The battery I am using, a Zippy Compact 2S 850mAh 25C.
The only battery box mod, aside from gutting out all the AA related stuff from the inside, is to grind this spot. This is where the wires exit the wrapping of the pack and the relief avoids pinching them.
Dropped in place.
Installed. There is a PVC piece added to prevent the pack from moving forward, and I have replaced the JST RCY with a Deans Ultra.
Everything crams in nicely. The battery box cover has had the ribs removed on the backside
Closed.
Internals. Wired with 16AWG teflon, full size micro, all standard stuff. You can also see the "vortex" muzzle device here
This feed guide is one of the defining features that separates this from "just a Stryfe". It is ~2mm sheet, and bonded to the underside of the old support area for the lockbolt/dart sensor that of course went in the trash.

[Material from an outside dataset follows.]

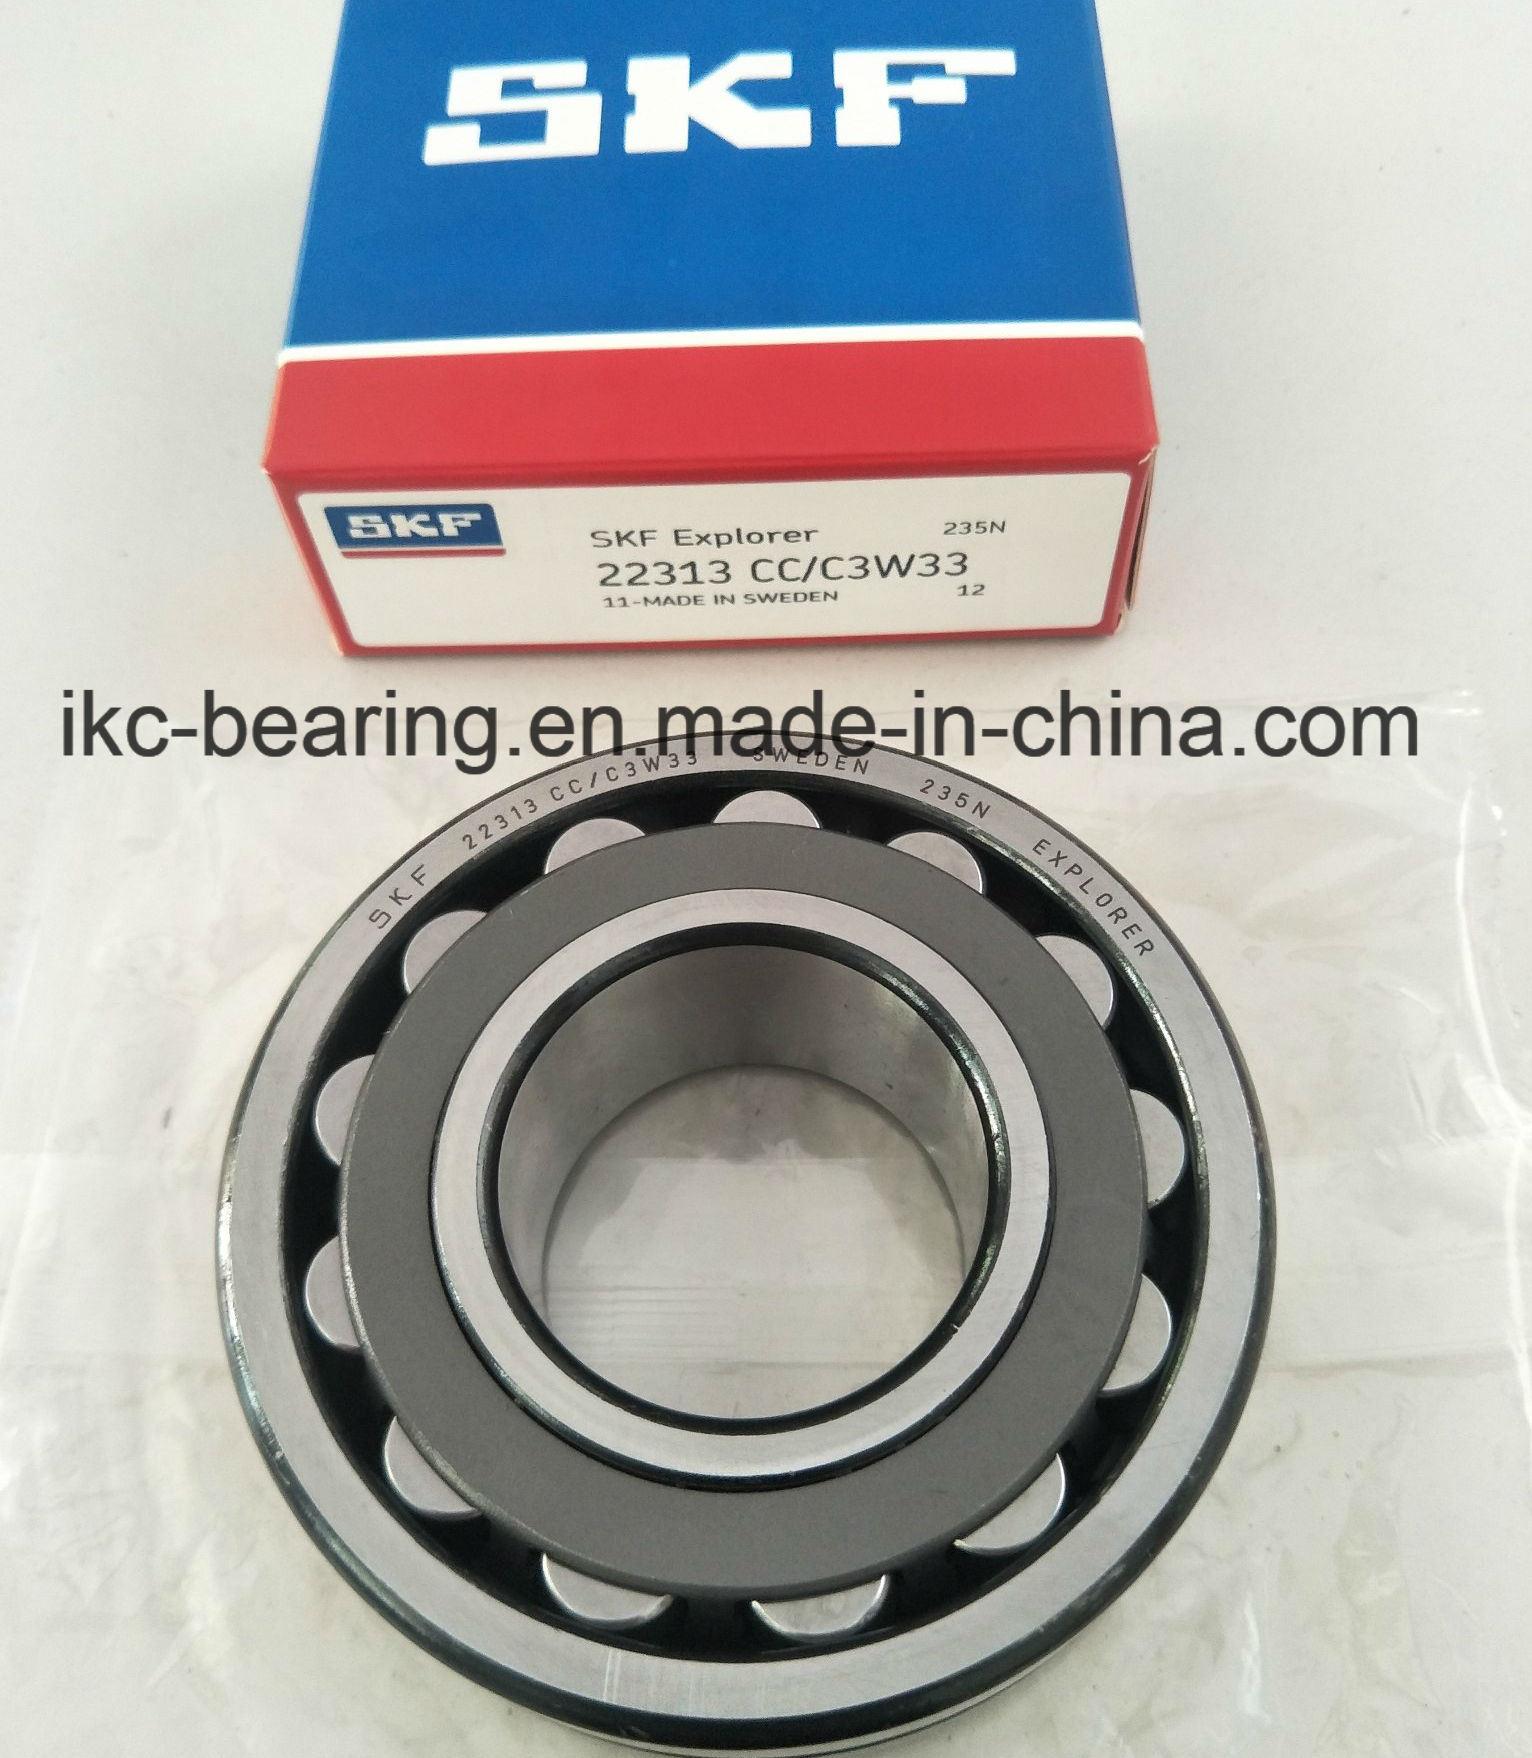 China SKF 22316 Cc/C3w33, 22316cc/W33/C3 Spherical Roller Bearing  80X170X58mm 22316cc/C3w33 - China 22308cc/C3w33 Bearing 22309cc/C3w33  Bearing, ...

And this is what it does; support the top round in the mag and prevent it from working upward through the feed lips over time. This is going to be a sidearm, so this is a very necessary feature for reliability. It prevents malfunction clearance without dropping the mag and prevents toploading, but it allows trouble-free use of mags with very strong springs (like 6-rounders, which are what will be used in a pistol) over any period of time.
You can also see the spring feed guides installed in the cage. These are there to provide spring pressure to hold darts in the mag and avoid any remote chance of the dart working forward into the flywheels and locking them up.
With my primary.
Now I just have to wait for that holster to arrive.
I am happy with the results of this build (which are alright response and nominal velocities), but I don't like how loud and rough it is. It could use a set of better balanced flywheels (but definitely can't handle any more flywheel mass). These motors rev a bit too high in my opinion, and the battery is also too small and has too high an IR to get either optimal motor performance or optimal service life out of the battery. I still don't like flatpak lipo and I still don't like 130 motors.
However, in terms of a cheap power system ($5.10 battery, $3.58 motor set) that is available at present and fits into a pistol form factor, it is pretty damn good. It has a mean buzz and a nasty sting and it will sure get me out of more bad situations than a single-action revolver.